Rising CO₂ can lower the nutrient content of major crops

Meanwhile, each year our global carbon dioxide (CO₂) emissions — from the burning of fossil fuels, industrial output, and land use change — continue to outpace the last. One of the oldest continuous direct measurements of atmospheric CO₂ concentration found a level of 317 parts per million (ppm) in 1960. As of 2015, we have now surpassed 400 ppm CO₂ globally, and we are on an aggressively accelerating trajectory to reach 550 ppm by roughly 2050.

Rising CO₂ has been thought to increase the growth rate of many plants through its beneficial role in photosynthesis, though it has also been predicted to cause dramatic disruptions to many of our global food systems. Our work has focused on a subtler, but no less dangerous effect of higher CO₂. In a set of experiments spread across the globe, a range of important food crops — wheat, rice, maize (corn), potato, sorghum, and barley — were tested for their nutritional response to being grown under higher CO₂.

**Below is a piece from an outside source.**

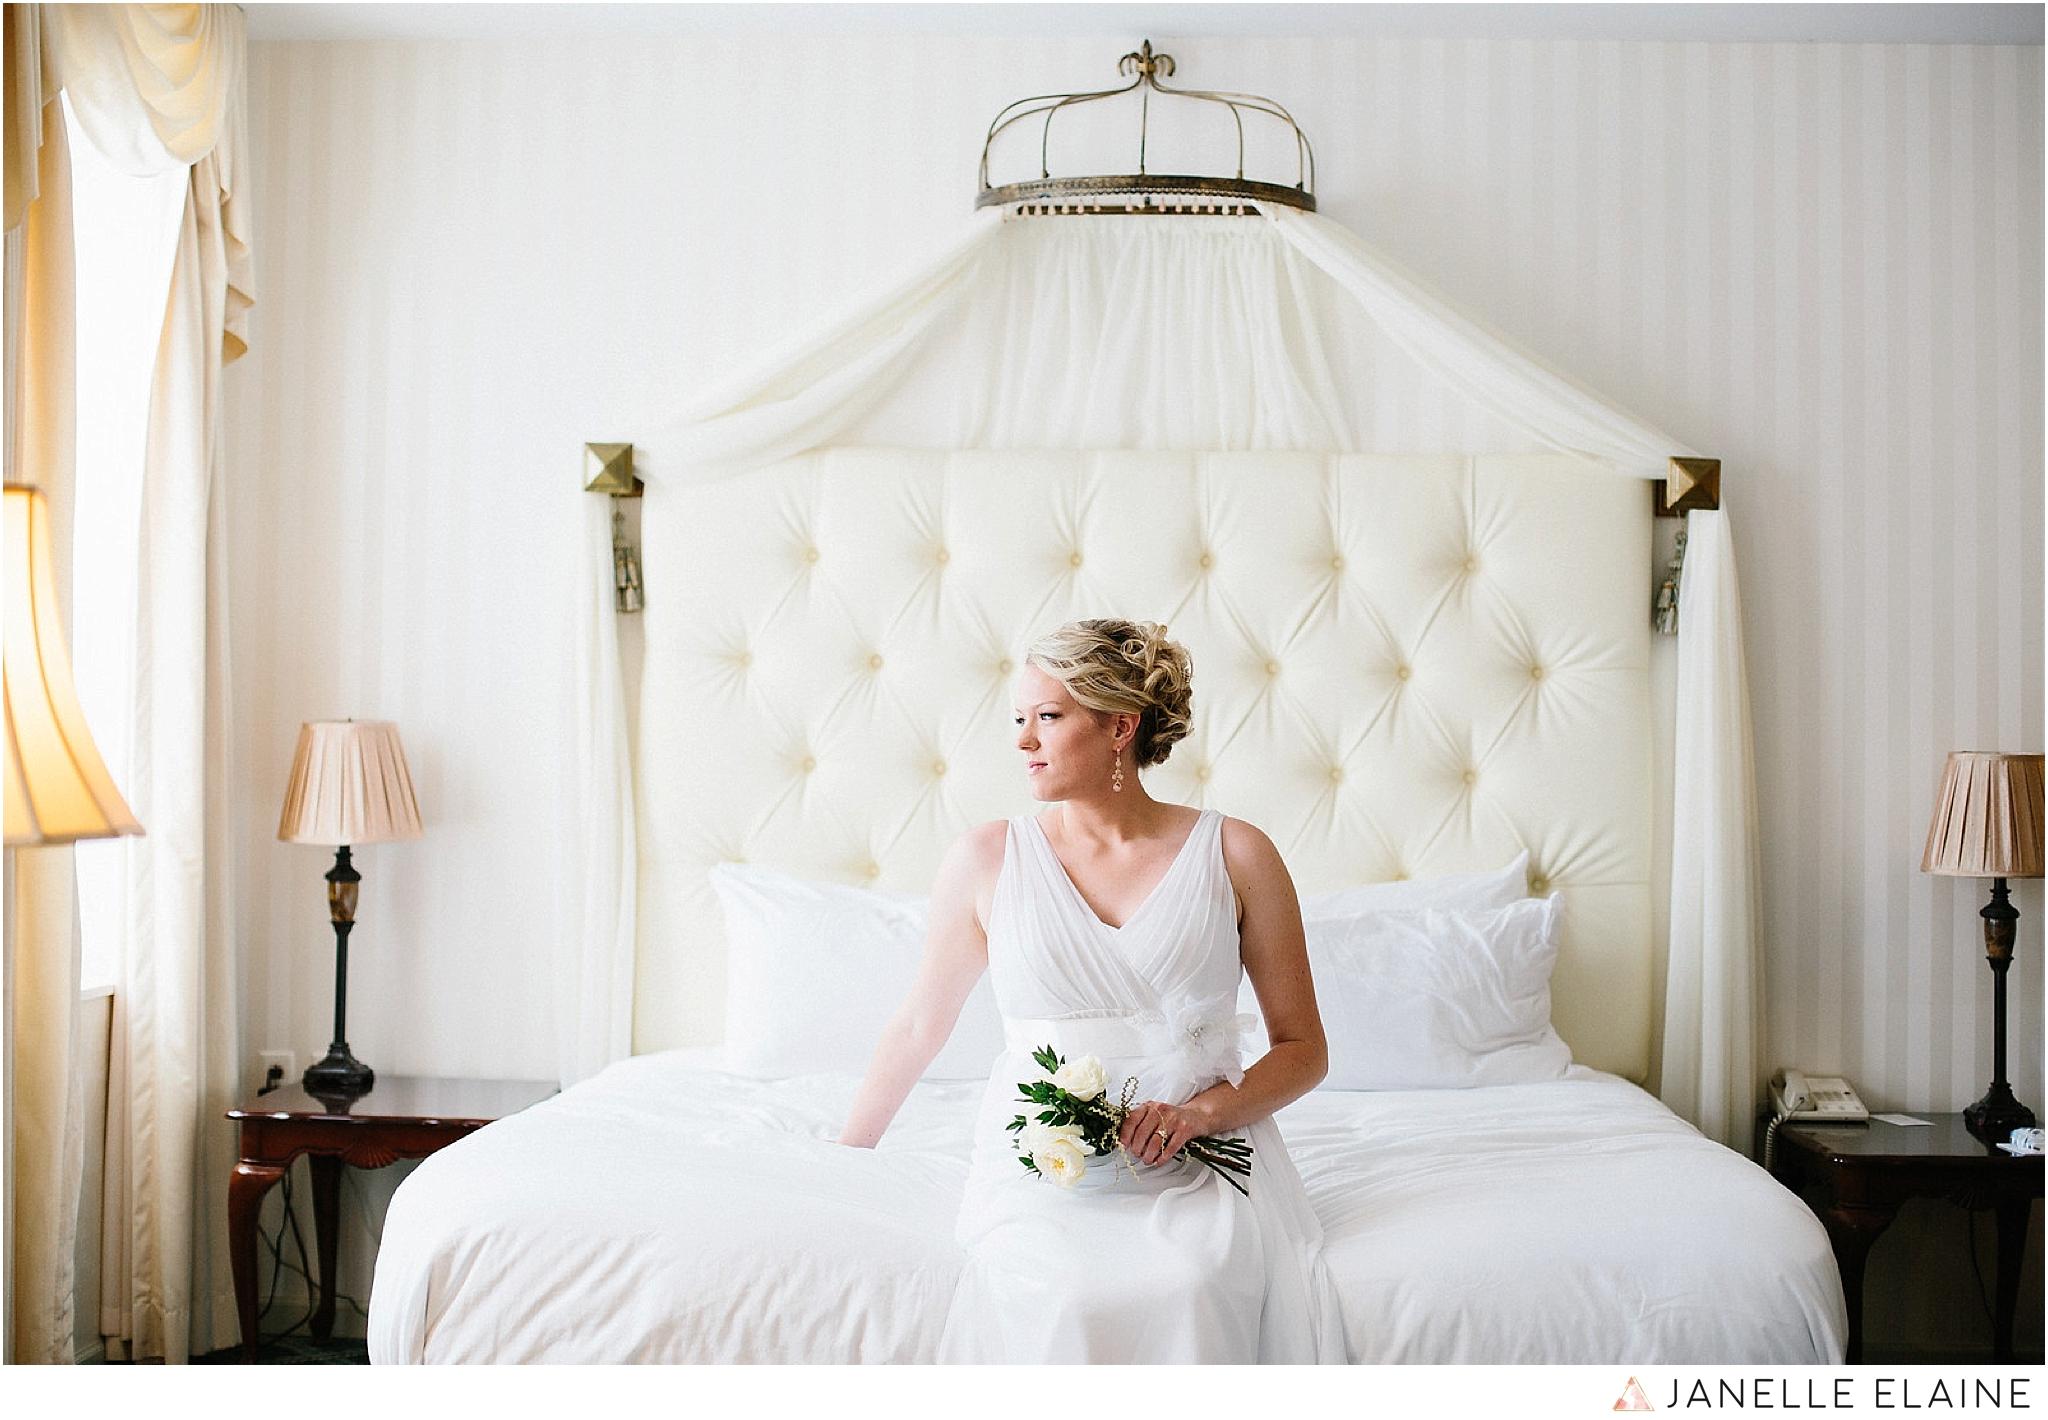 janelle elaine photography-landmark inn-marquette-mi-wedding-169-X3.jpg

To do this, two identical plants were grown in an open field under nearly the same environmental conditions: soil, weather, fertilizer, and water. However, one of the plants was surrounded by a ring of carbon-dioxide-emitting jets to maintain a locally elevated CO₂ concentration of roughly 550 ppm. An experiment designed this way isolates the specific impact of CO₂ by keeping all other variables constant.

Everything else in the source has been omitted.